Ainsi, le temps d’un week-end, le village se transforme en une grande scène artistique vivante.
Pour l’occasion l’artiste Géraldine Longueville fidèle à ses recherches, remplace le champagne habituel des cabarets par de l’eau fraîche issue du cours d’eau, la Serpentine, de 3,42 km qui prend sa source dans la commune de Berneuil en Bray et passe par Auteuil. L’eau de la région sera à disposition. Dans une grotte, dans un champ, une grange, un salon, ici et là, on découvrira les cabarets de poche imaginés pour l’occasion.

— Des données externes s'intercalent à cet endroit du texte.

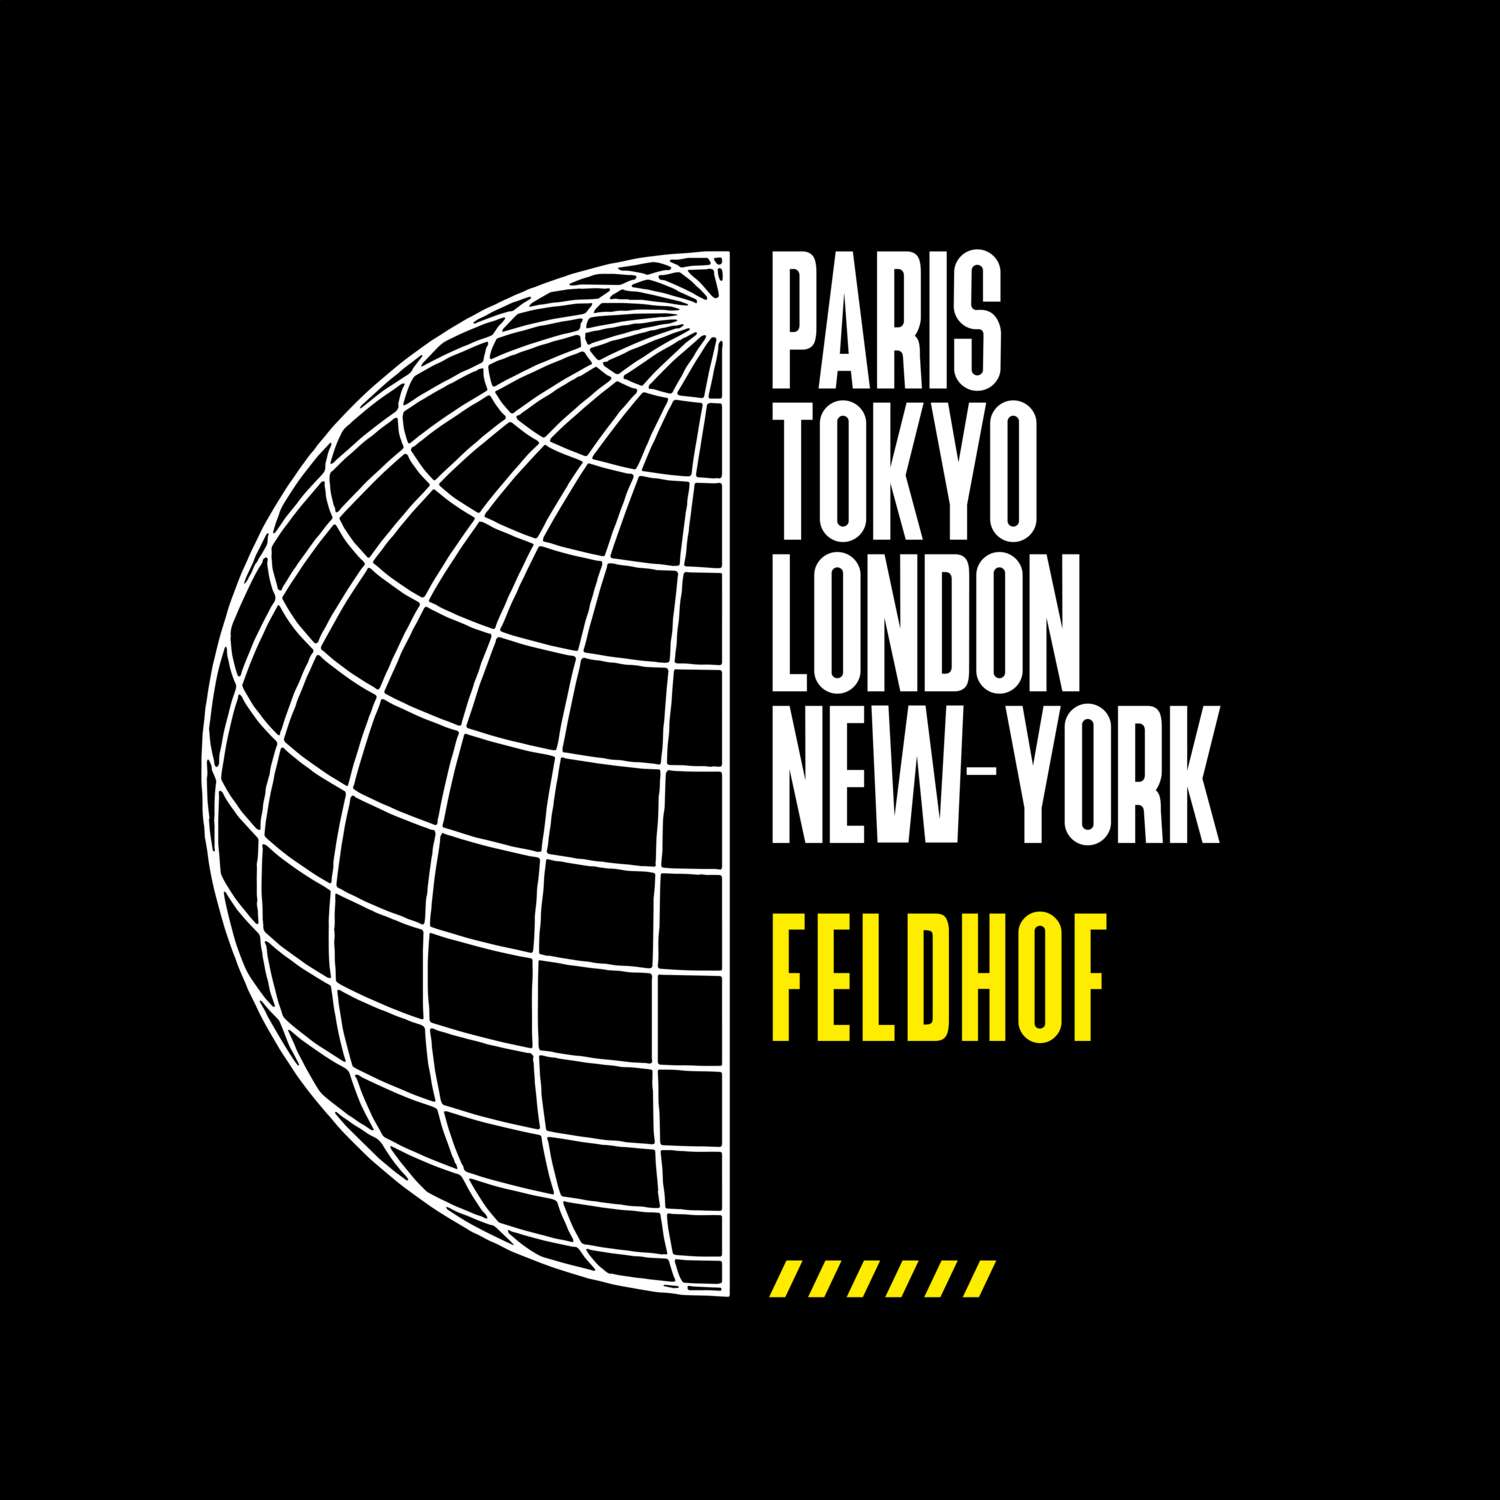 Feldhof T-Shirt »Paris Tokyo London«
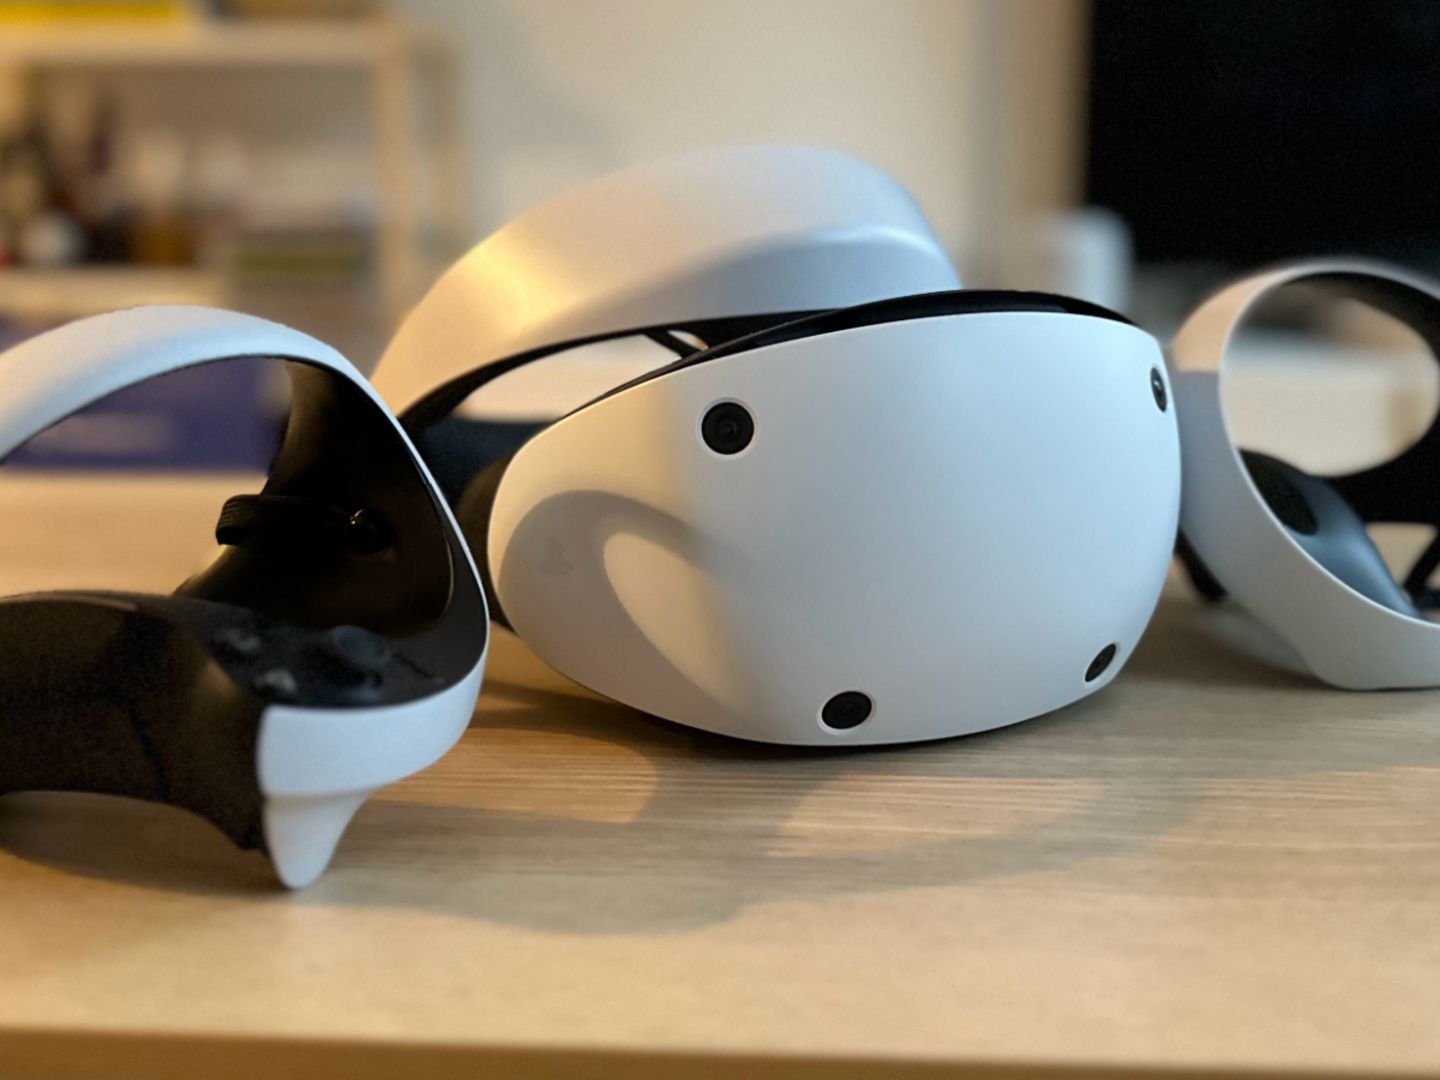 Mainstream große 2 – bringen bleiben doch zwei VR Playstation Hürden in den soll VR

Le duo franco-japonais, Judith Cahen et Masayasu Eguchi "en chanté", avec plusieurs morceaux de chansons, le spectacle de magie rituel de la performeuse Hortense Gaultier, l’atelier participatif, le Moulin vert, de l’inventive Marie-Noelle Romvos accompagnées de l'Ecole d'art du Beauvaisie, les photographies tirées des films de cabarets de François Fontaine sur un fond musical dansant, le duo du Cirque Improbable jongle entre tiges métalliques et paroles chantées, Sonia Henry invente une lecture performée autour du personnage de Joséphine Baker, tandis que la Compagnie iDemestri Lefeuvre explore le corps paysage emballé dans un tissu insolite et le petit étang accueille une proposition du collectif Les Mouillettes, un cabaret miniature sur l'eau.

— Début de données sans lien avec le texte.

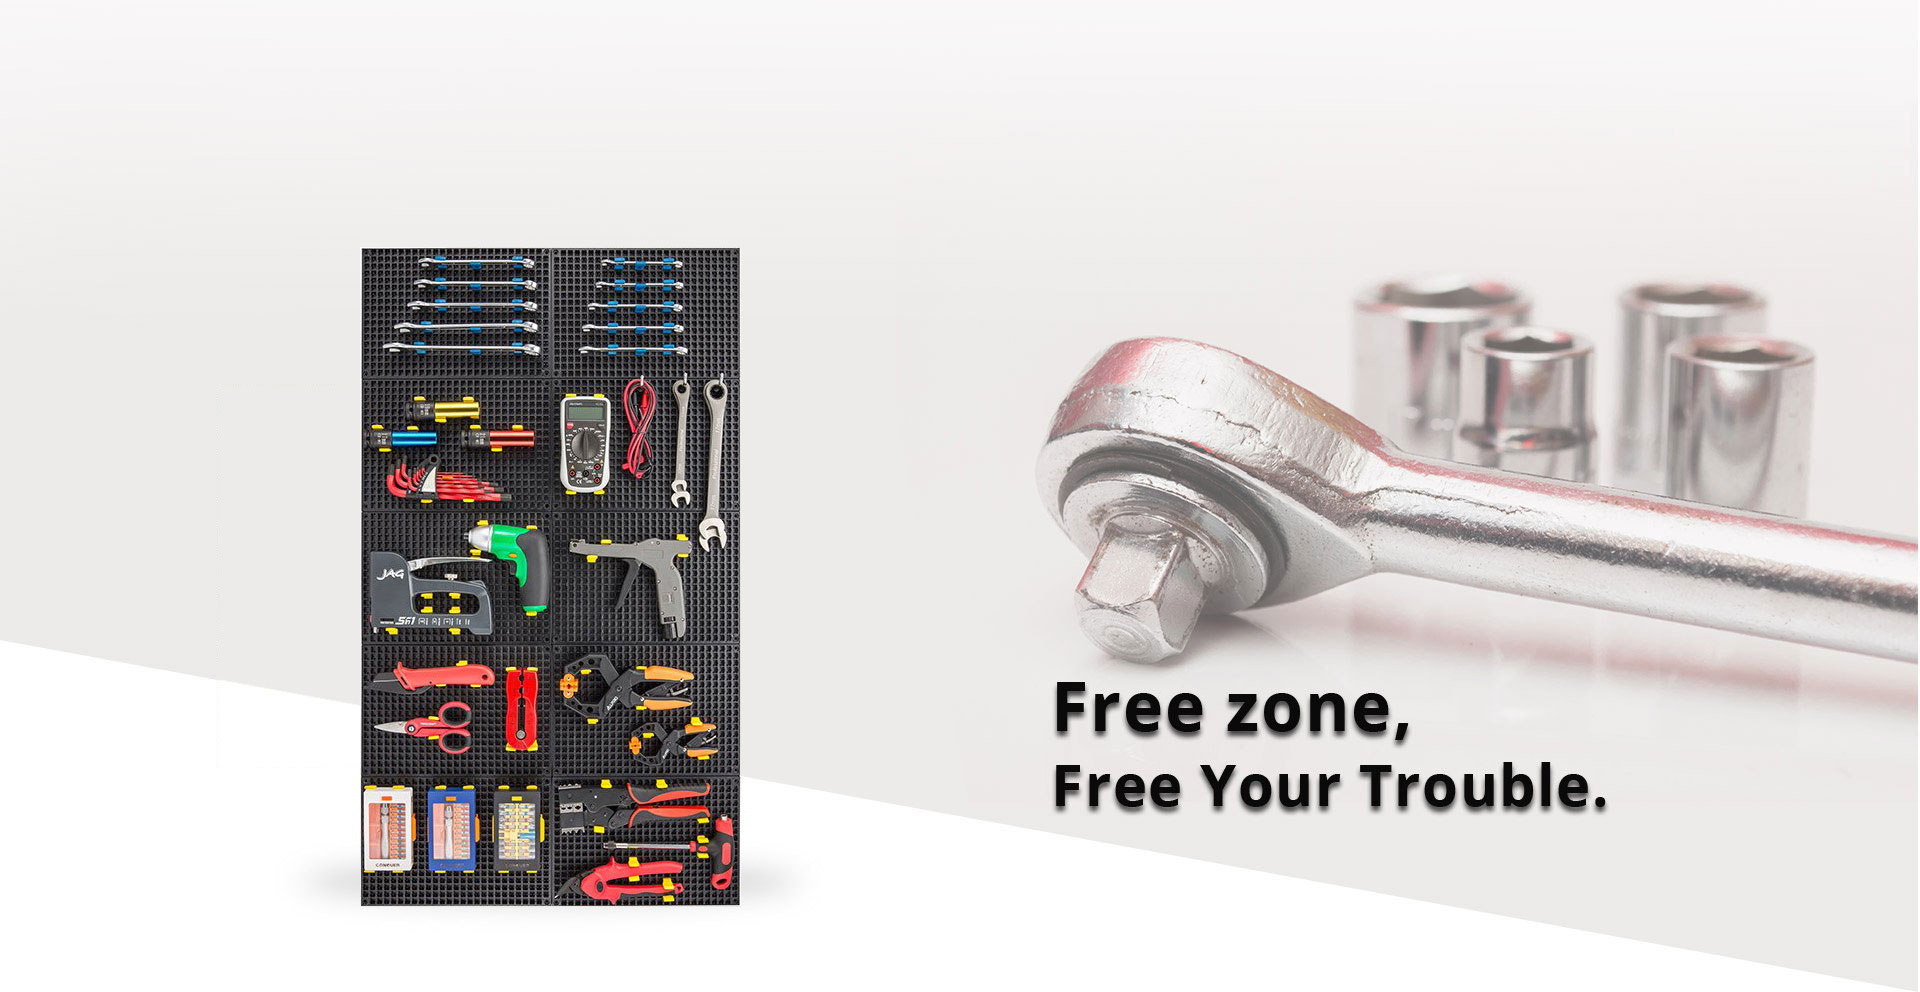 FreeZone-banner

Des portraits photographiques pris par Sandrine Laquittant envahissent le village, spectateurs immobiles, travail du portrait au long court accompagné par les Portraits sensibles d'Après photo - courtes biographies imaginaires - de l'artiste Christine Courtis.
Les tricoteuses d'Auteuil, Leslundistricottent, poursuivent leur tricot urbain et se sont attelées cette année aux bancs du jardin du presbytère.
La soirée se termine par le concert de l’intrigante Joséphine Barrée, chant, violoncelle et guitare, la scène est ouverte vous pouvez venir y danser.
Pour nous accompagner dans cette démarche éco-citoyenne, nous nous sommes rapprochés pour la première fois cette année de Citeo, une entreprise à mission créée par les entreprises du secteur de la grande consommation et de la distribution pour réduire l’impact environnemental de leurs emballages et papiers, en leur proposant des solutions de réduction, de réemploi, de tri et de recyclage. Ainsi, Citeo, qui soutient le festival dans son ensemble, rendra possible la mise en place du tri sur le festival et proposera dans le cadre de son « cabaret vert » une sensibilisation ludique et pédagogique autour du tri des emballages et des déchets.
A 15 minutes de Beauvais et à 45 minutes de la Gare du Nord jusqu’à la gare de Saint-Sulpice, où une navette attendra le public pour le conduire, en musique, jusqu’au village et le ramènera à la gare le soir.
Un foodtruck local proposera tout au long de la journée, boissons, plats et douceurs sur la place du village, autour de grandes tables en bois avec nappes et bouquets locaux, propices à la rencontre et aux échanges.